[ASK] About Power Again

Apr 2018
182
38
Sukoharjo
The sum of ten integers is 0. Show that the sum of the fifth powers of these numbers is divisible by 5.

For this one I don't know what I have to do at all other than brute-forcing which may even be impossible.
 

romsek

MHF Helper
Nov 2013
6,758
3,041
California
Where are you getting these problems? I'm beginning to suspect you are just throwing random stuff out to waste people's time.
 
Apr 2018
182
38
Sukoharjo
I saved them to use later at my job (making students' worksheet) since they seemed relatively easy at a first glance. However, those questions turned to be difficult, so I need some assistance.

If you feel that this is wasting your time, why bother commenting in the first place? I'll just wait for the other people who don't think negatively to help.
 
Jun 2013
1,134
605
Lebanon
\(\displaystyle x^5\equiv x \pmod 5\)
 

romsek

MHF Helper
Nov 2013
6,758
3,041
California
I saved them to use later at my job (making students' worksheet) since they seemed relatively easy at a first glance. However, those questions turned to be difficult, so I need some assistance.

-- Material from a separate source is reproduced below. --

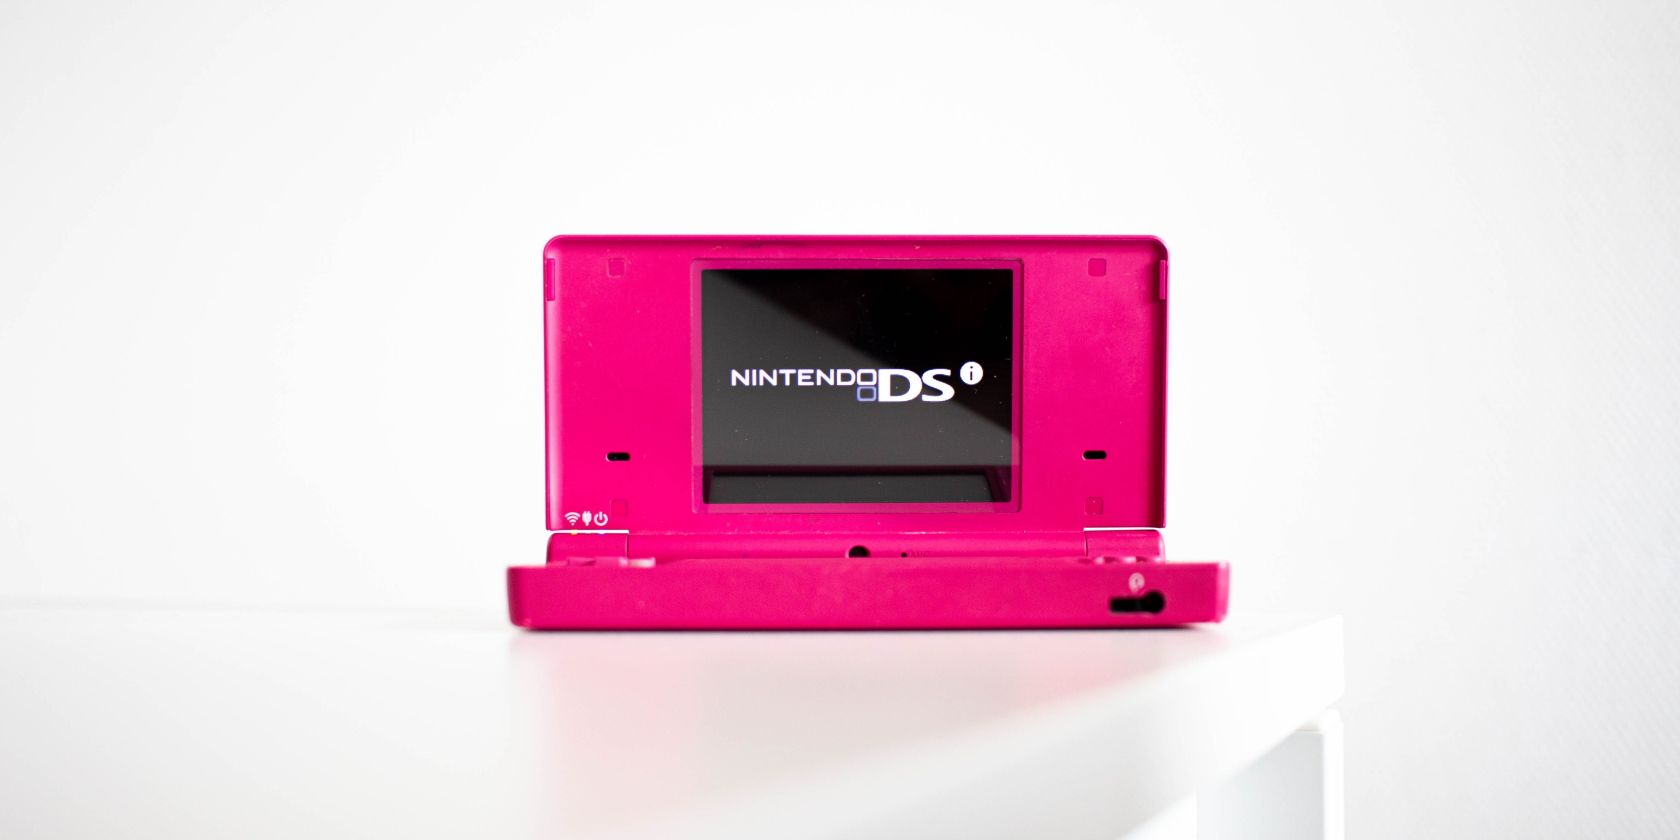 Ninendo DSi Hot Pink

If you feel that this is wasting your time, why bother commenting in the first place? I'll just wait for the other people who don't think negatively to help.
well let's see

first question had a fairly simple answer not in your list of answer choices

second question had an absurdly complicated answer that would take a human hours if not days to figure out

pardon me if I suspect your 3rd question

I will in fact ignore you from now on. Thank you.
 
Apr 2018
182
38
Sukoharjo
\(\displaystyle x^5\equiv x \pmod 5\)
Ummm... Care to elaborate?

well let's see

first question had a fairly simple answer not in your list of answer choices

second question had an absurdly complicated answer that would take a human hours if not days to figure out

pardon me if I suspect your 3rd question

I will in fact ignore you from now on. Thank you.
You know, you can ignore people without suspecting them wasting your time on purpose.
 
Jun 2013
1,134
605
Lebanon
By Fermat's Theorem or by some other more elementary method we have

\(\displaystyle x^5\equiv x \pmod 5\) meaning \(\displaystyle x^5- x\) is divisible by \(\displaystyle 5\) for all integers \(\displaystyle x\)

so that

\(\displaystyle \sum _i a_i=0\)

implies

\(\displaystyle \sum _i a_i^5\equiv \sum _i a_i=0\)
 
Apr 2018
182
38
Sukoharjo
I think I kinda have a grasp now. Thanks.